Equity Crowdfunding The Stage Is Now Set

Final Rules for Title III of the JOBS Act Are Set

This sets the stage for equity crowdfunding to continue its exponential growth over the next 3-5 years, on top of the existing market for accredited investors.With Title III passed on Friday, the next 3-5 years are going to see exponential growth in equity crowdfunding as non-accredited investors as well as accredited investors can invest in start-ups.

Title III equity crowdfunding will kick off and go live in 90 days, once a commenting period takes place and the new final rulings are published in the federal register.

Crowdfunding is expected to surpass VC in 2016 at $34B a year in total crowdfunding online, across all types of crowdfunding. By bringing in a new class of investors with Title III, we can expect further growth of the equity market as venture capital continues to move online.

The public has been waiting on Title III equity crowdfunding for three and a half years now, as the SEC continuously stalled in finalizing rules to allow non-accredited investors to come into the market and invest in startups under Title III.

As equity crowdfunding with non-accredited investors under Title III comes into effect, it will have massive implications for startups and investors alike, allowing everyday citizens to invest in startups. This will open up a tremendous amount of capital available to early stage companies.

equity crowdfundingTitle III Quick Summary of Contents

  • Equity crowdfunding expands to include non-accredited investor participation
  • The new rules will go into place after a 90 day commenting period and publishing
  • Startups and small businesses can raise up to $1M in a period of a year
  • Investors making <$100,000 per year can invest the greater of $2,000 or 5% of annual income
  • Investors making >$100,000 per year can invest up to 10% of their annual income
  • Offerings must be made via Broker-Dealer or Portal Intermediary
  • Significant disclosures are required for companies to help provide transparency

Read The Full SEC Guidelines Here

Implications for Equity Crowdfunding and Venture Capital

This marks the first time in over eighty years that everyday citizens will have access to investing in early stage companies.
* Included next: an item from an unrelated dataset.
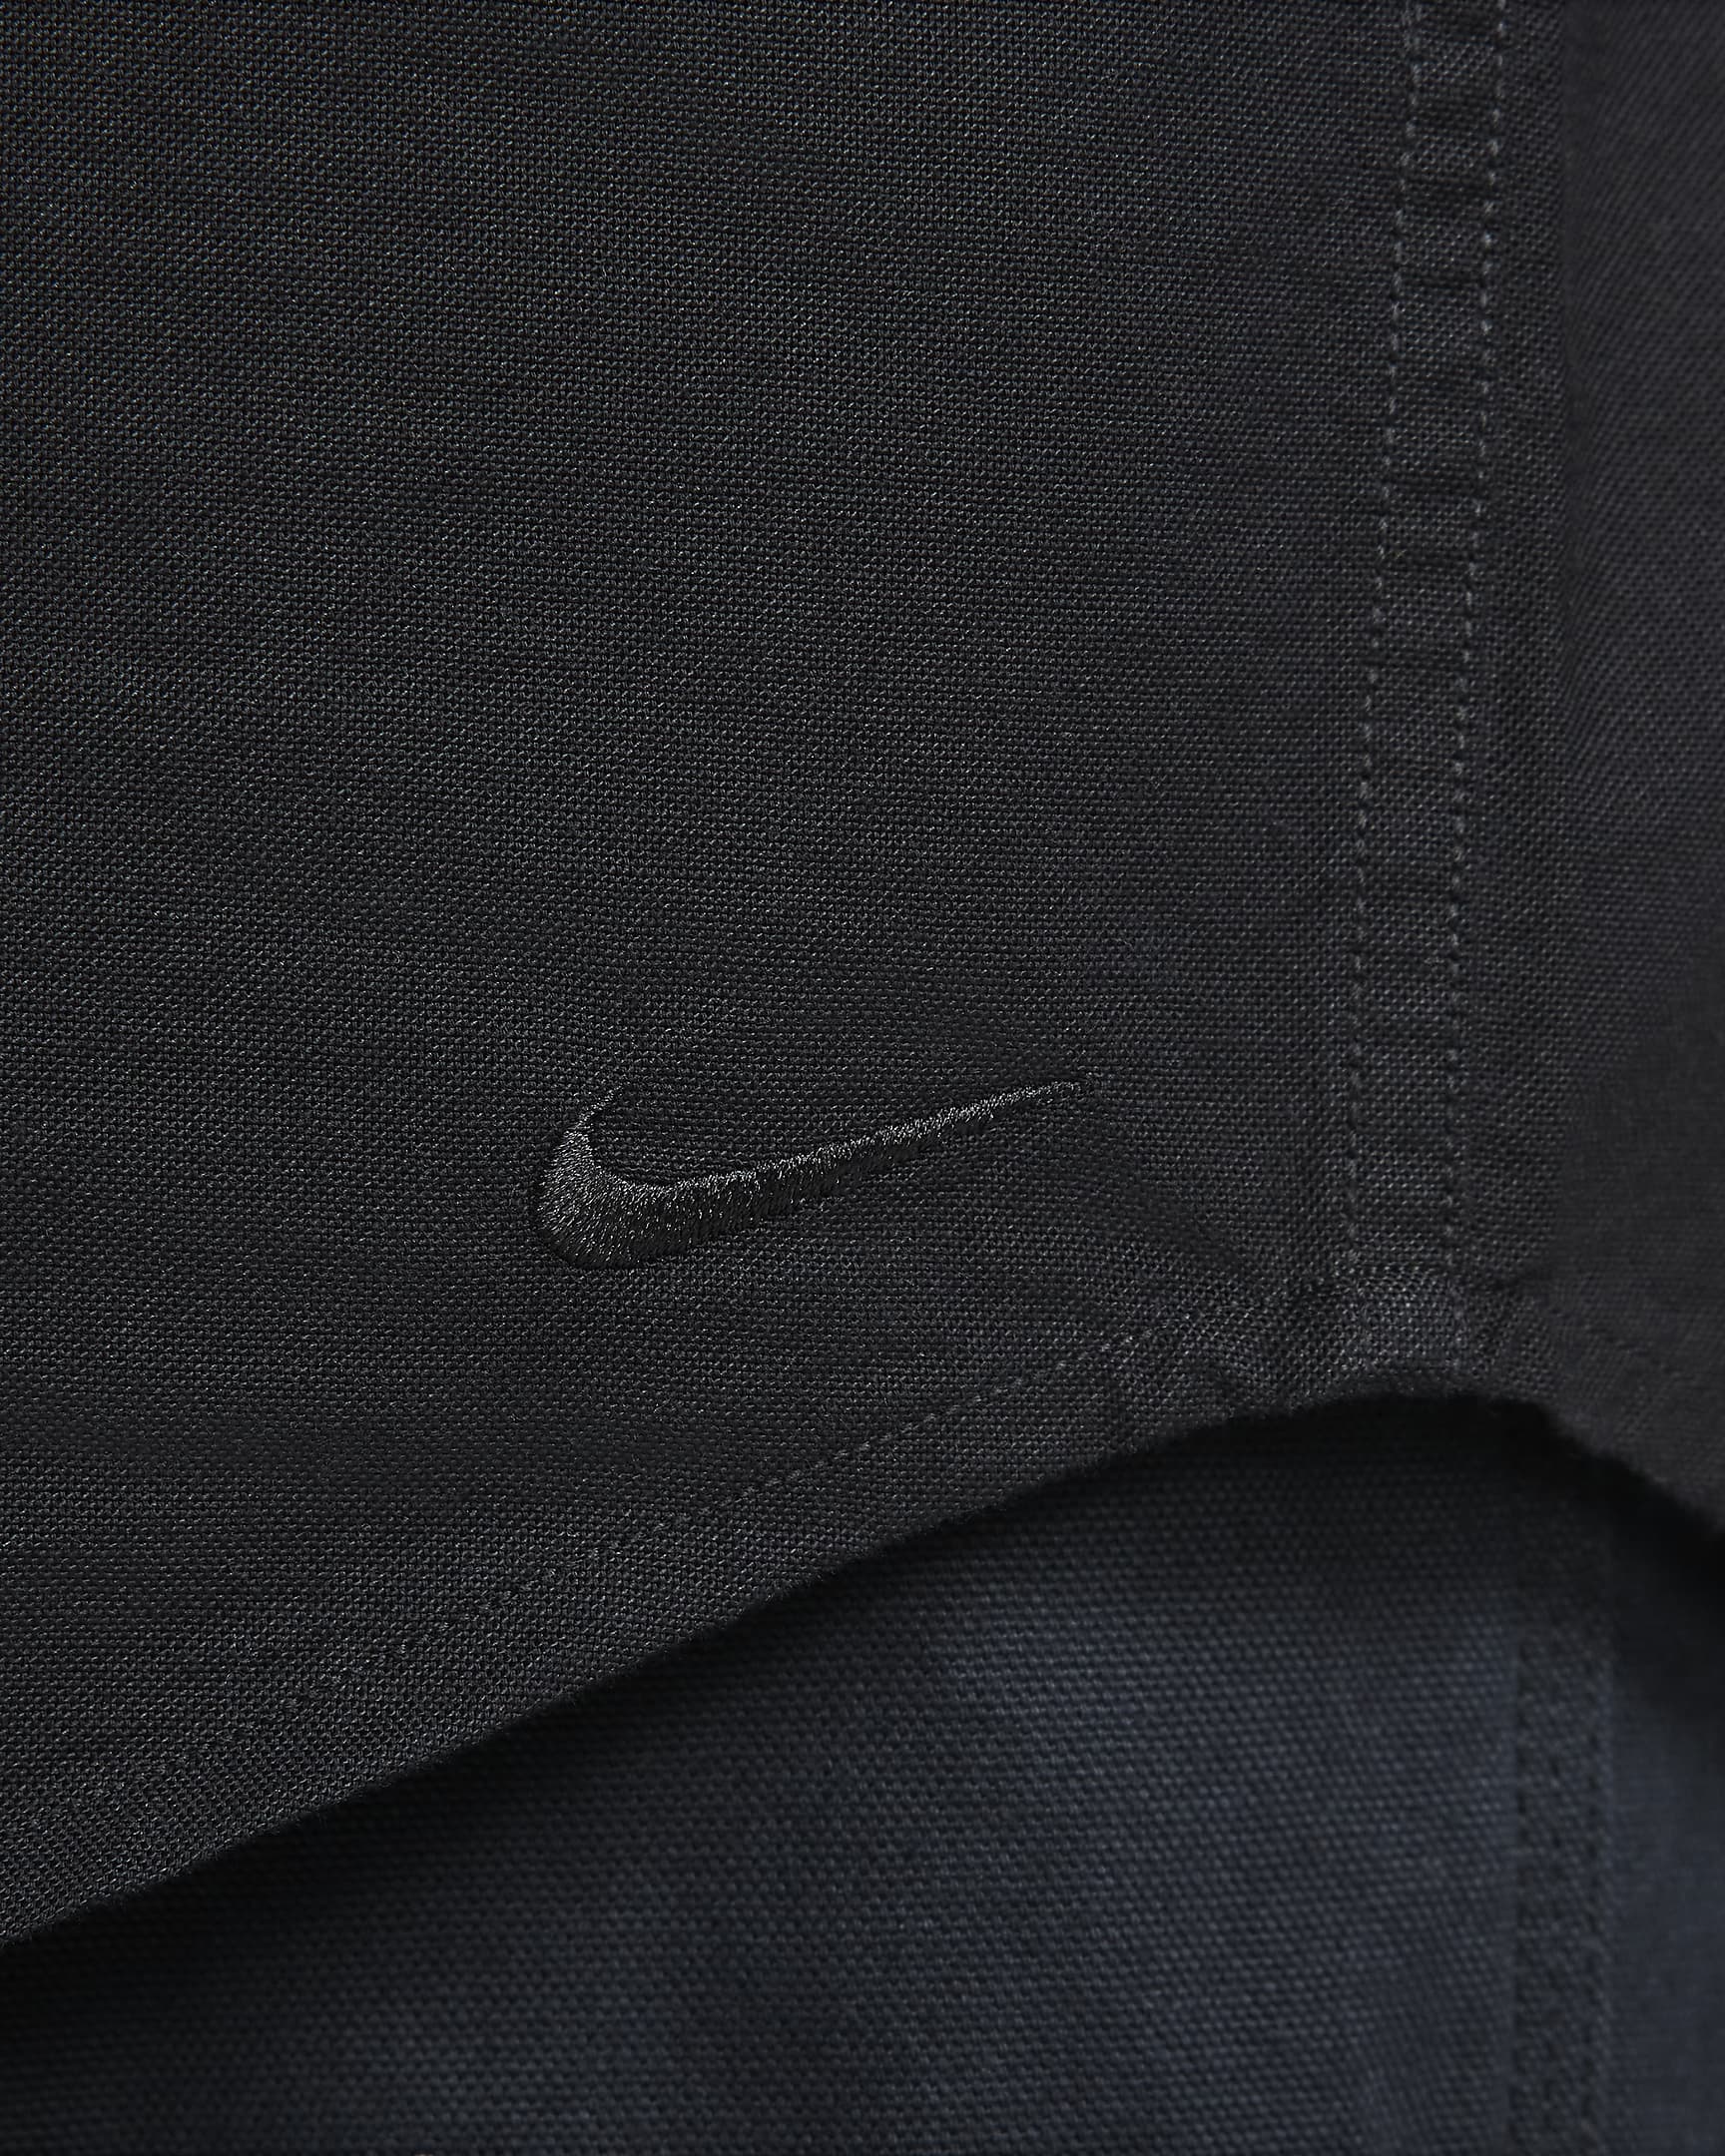 Nike Life Men's Long-Sleeve Oxford Button-Down Shirt. Nike UK

The barriers everyday citizens have experienced in participating in early stage private investing are slowly but surely going away.
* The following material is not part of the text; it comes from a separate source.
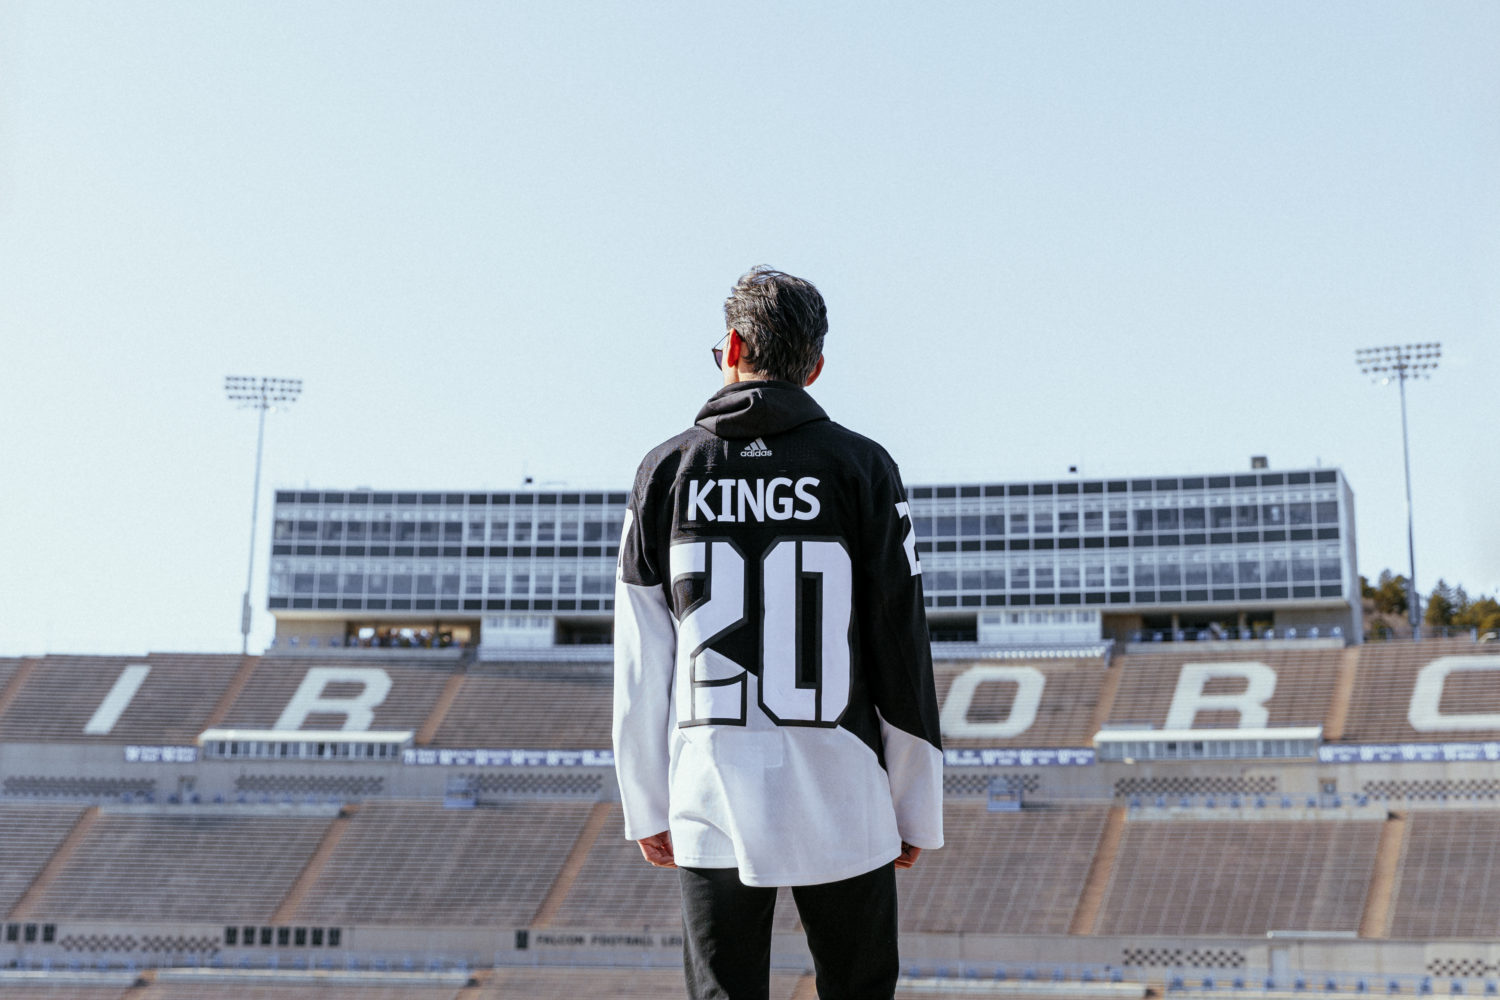 la kings jersey 2020

Wealthy institutions, VCs, and Angels have had exclusive access to investing in high-growth startups, but with Title III we see the beginning of a more level playing field for information and access for everyday investors to early stage private investments.

This isn’t to say that VC and angel investing as we know it will die. Rather, a hybrid model will emerge where VC’s and Angels will lead and set the terms at which they want to invest, and then leverage equity crowdfunding platforms for distribution to a much larger set of investors.

Disclosure by Companies

Consistent with Title III of the JOBS Act, the proposed rules would require companies conducting a crowdfunding offering to file certain information with the SEC, provide it to investors and the relevant intermediary facilitating the crowdfunding offering, and make it available to potential investors.
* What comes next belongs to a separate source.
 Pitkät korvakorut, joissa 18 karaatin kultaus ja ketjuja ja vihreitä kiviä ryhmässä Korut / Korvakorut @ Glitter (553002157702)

In its offering documents, among the things the company would be required to disclose:

  • Information about officers and directors as well as owners of 20 percent or more of the company.
  • A description of the company’s business and the use of proceeds from the offering.
  • The price to the public of the securities being offered, the target offering amount, the deadline to reach the target offering amount, and whether the company will accept investments in excess of the target offering amount.
  • Certain related-party transactions.
  • A description of the financial condition of the company.
  • Financial statements of the company that, depending on the amount offered and sold during a 12-month period, would have to be accompanied by a copy of the company’s tax returns or reviewed or audited by an independent public accountant or auditor.